— What is being asked —
Set the pictures aside and write down, exactly as they appear, the lines from the one containing "Bufab Sechskantschraube 100er" through the end of the material.

— Information shown —
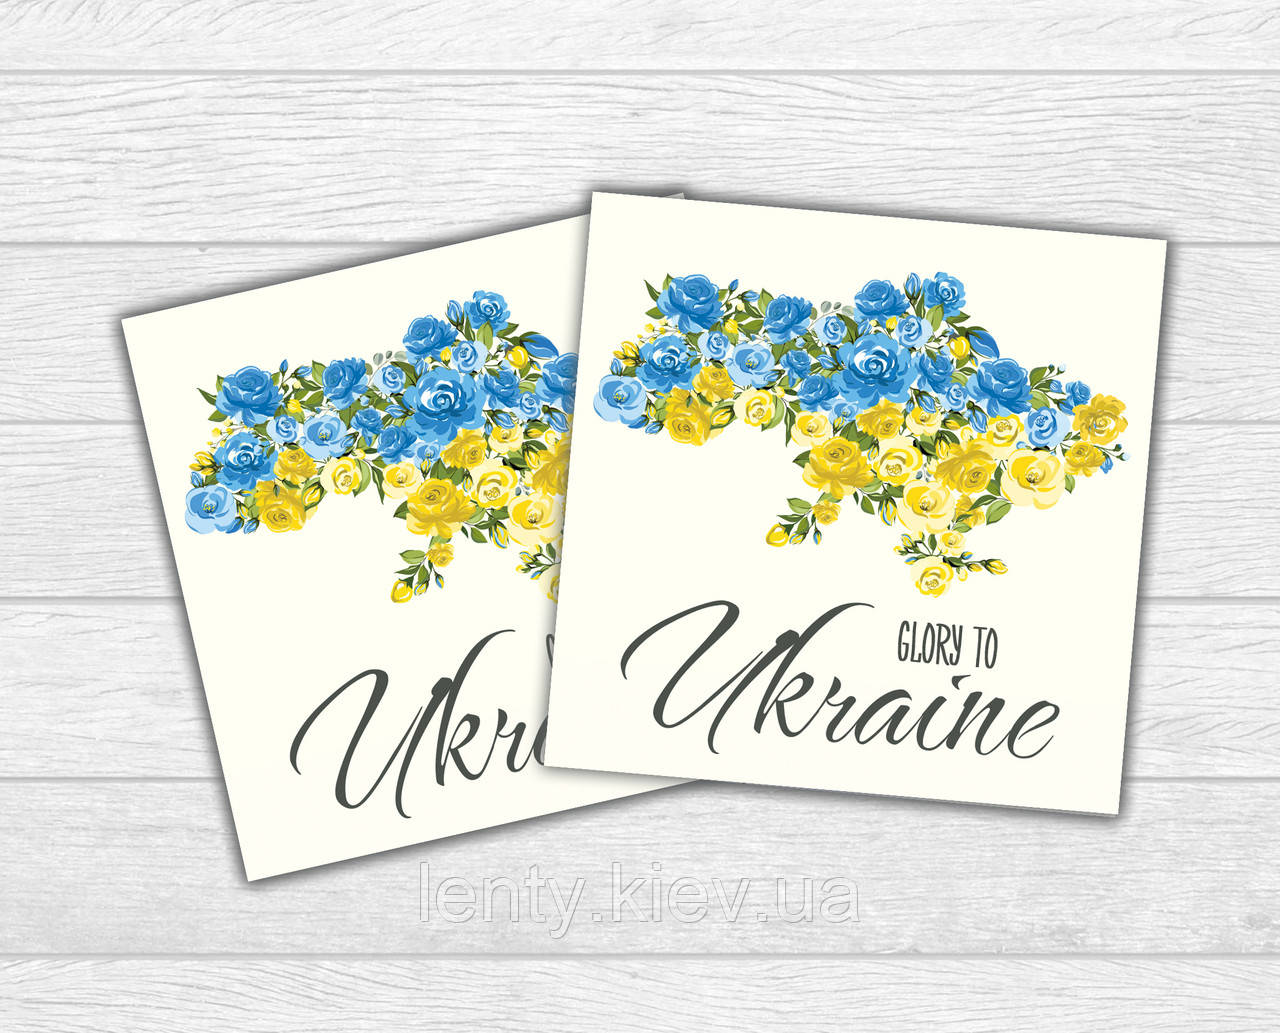 Міні листівка патріотична "Карта України троянди. Glory to Ukraine" для подарунків, квітів, букетів (бірочка)
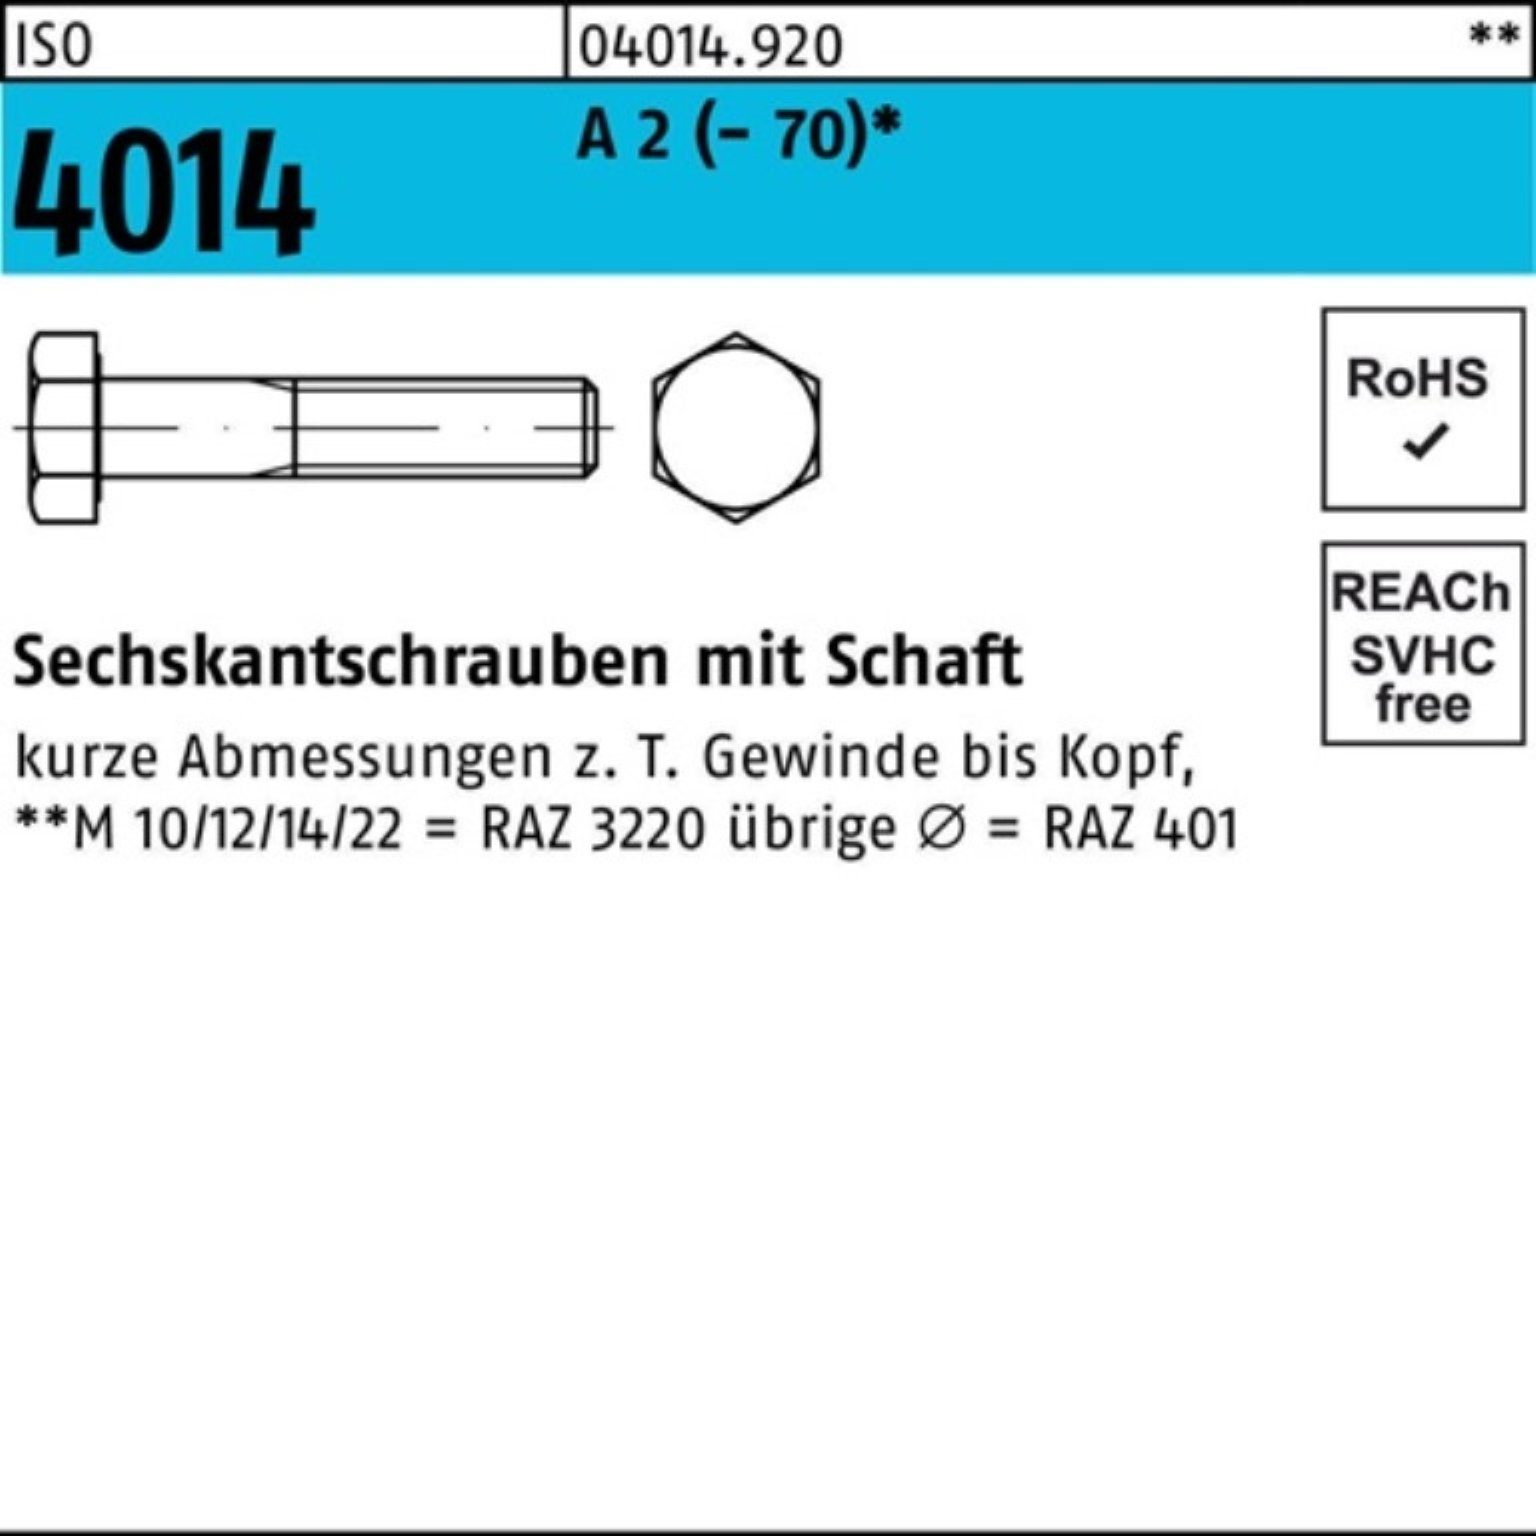 Bufab Sechskantschraube 100er Pack Sechskantschraube ISO 4014 Schaft M22x 80 A 2 (70) 10 St
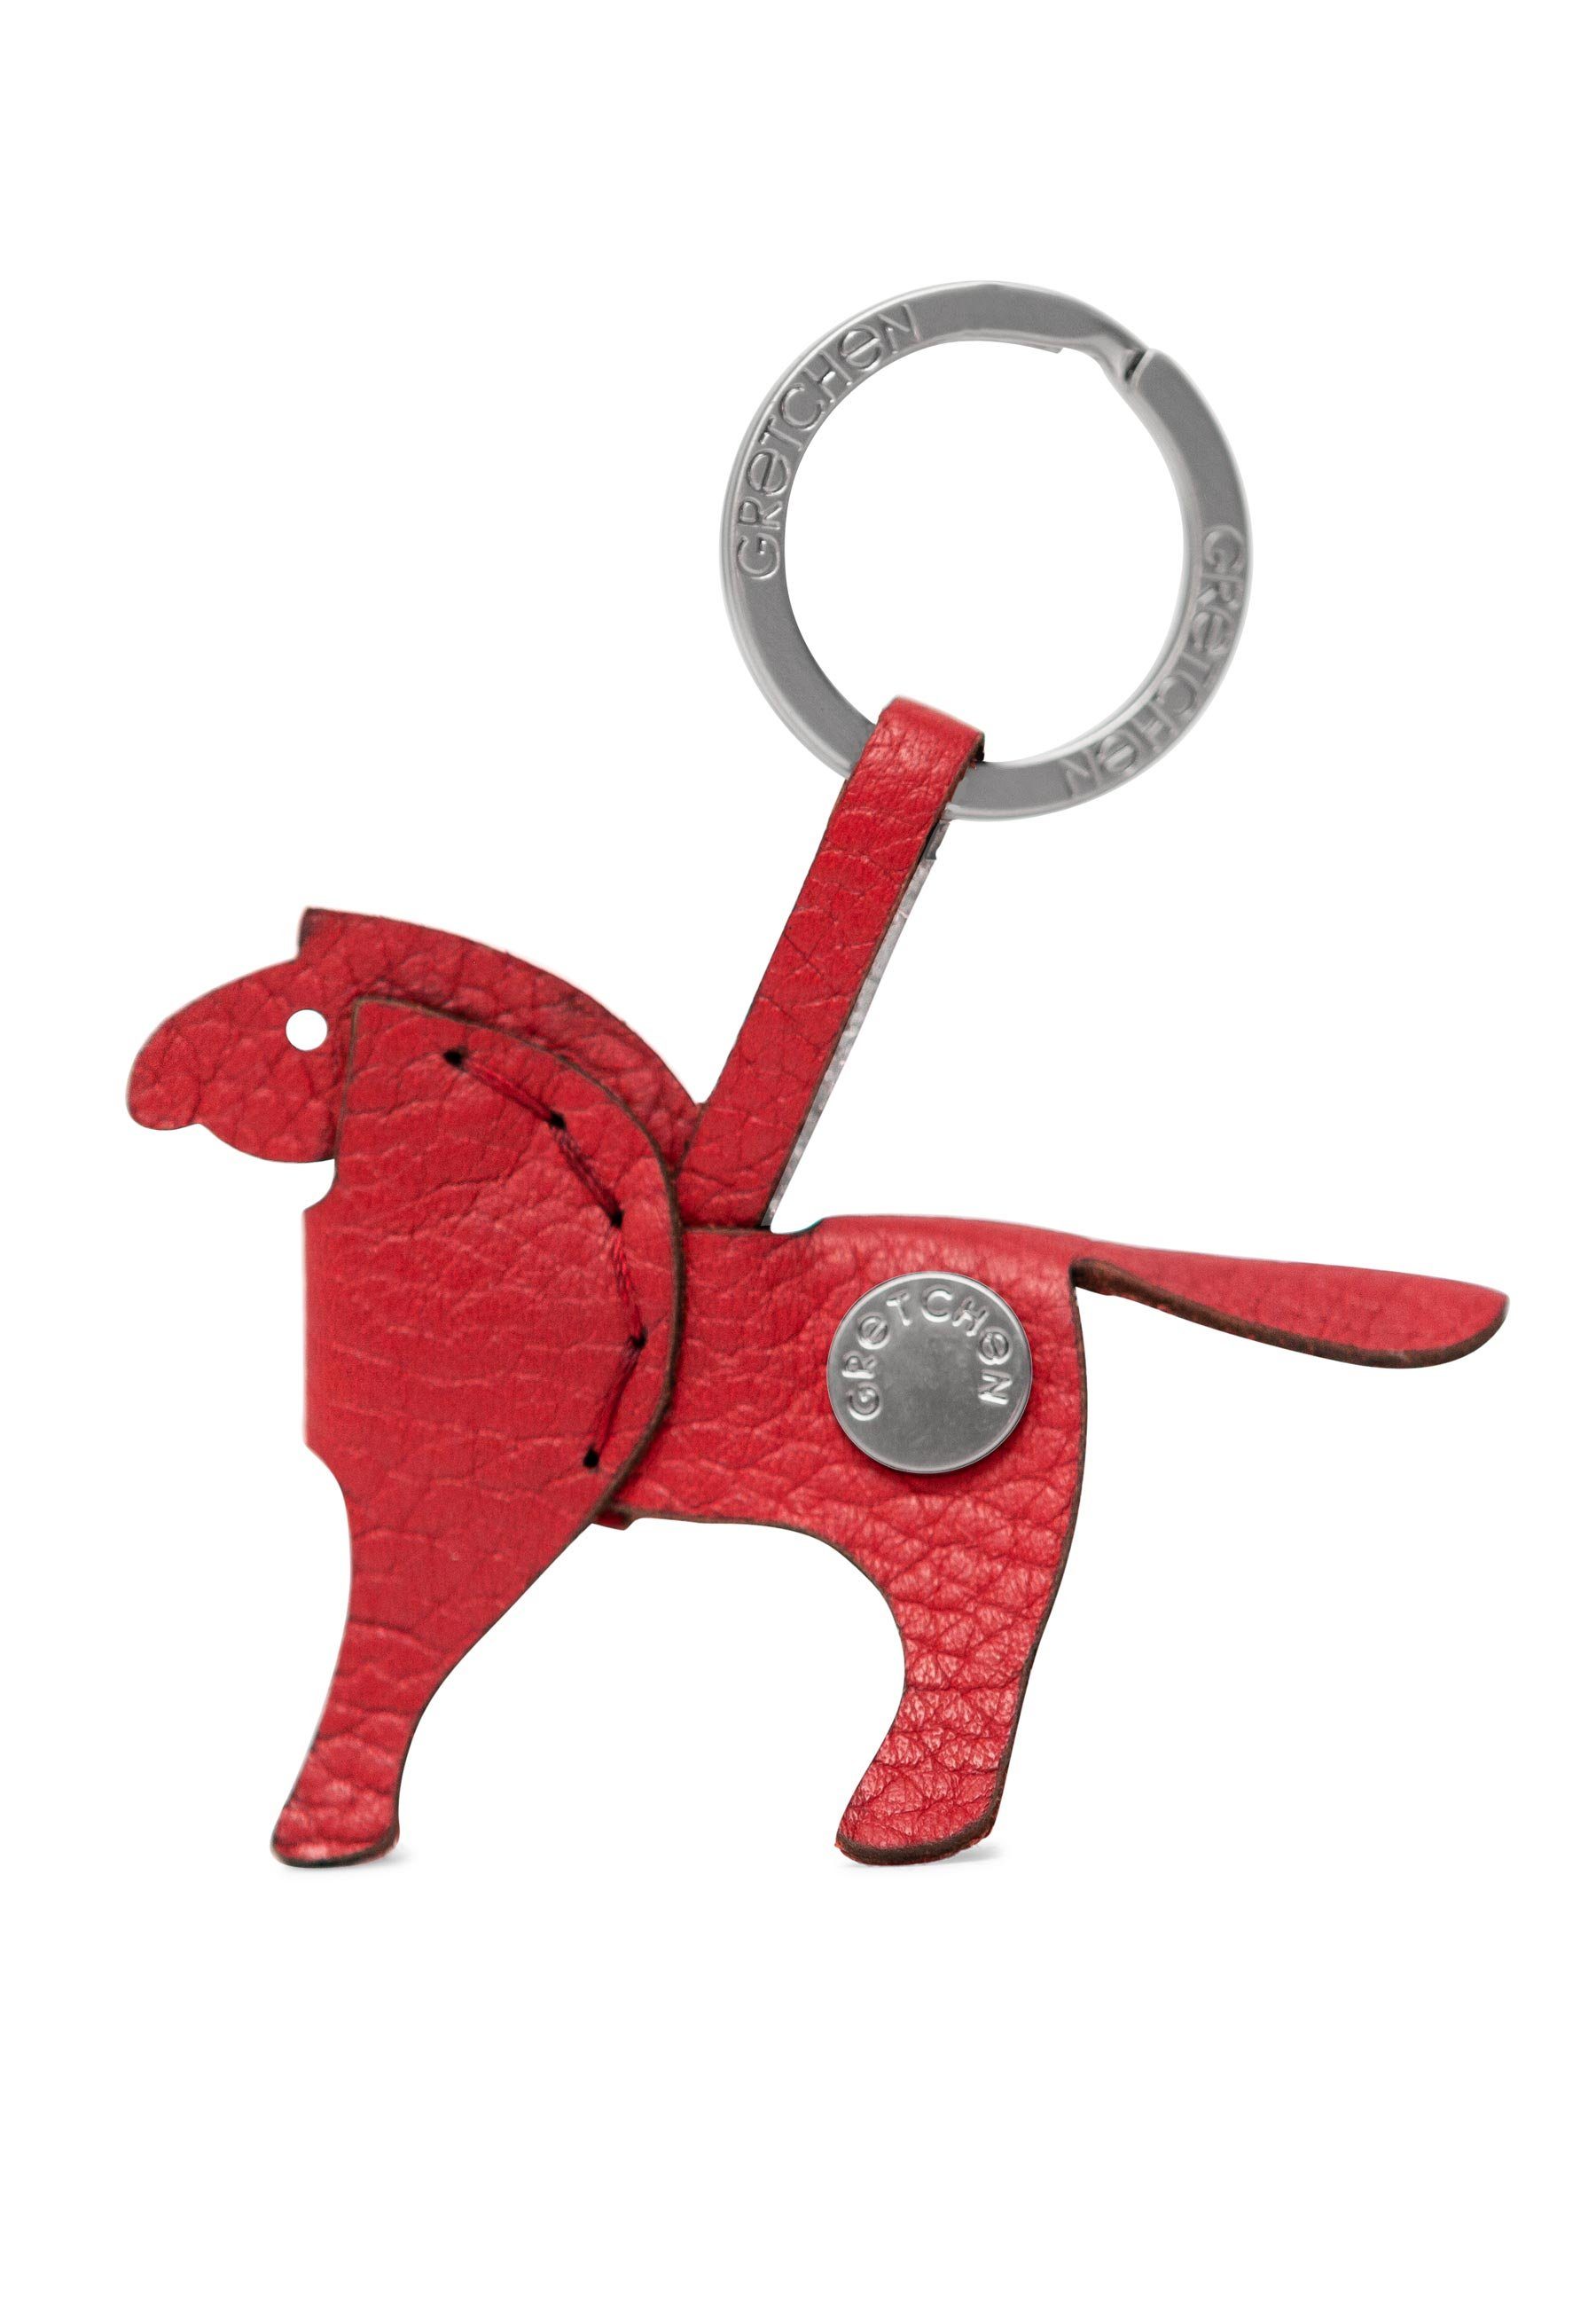 GRETCHEN italienischem Kalbsleder Schlüsselanhänger Keyring, rot-silberfarben Pony aus

— Response area —
 Bufab Sechskantschraube 100er Pack Sechskantschraube ISO 4014 Schaft M22x 80 A 2 (70) 10 St
 GRETCHEN italienischem Kalbsleder Schlüsselanhänger Keyring, rot-silberfarben Pony aus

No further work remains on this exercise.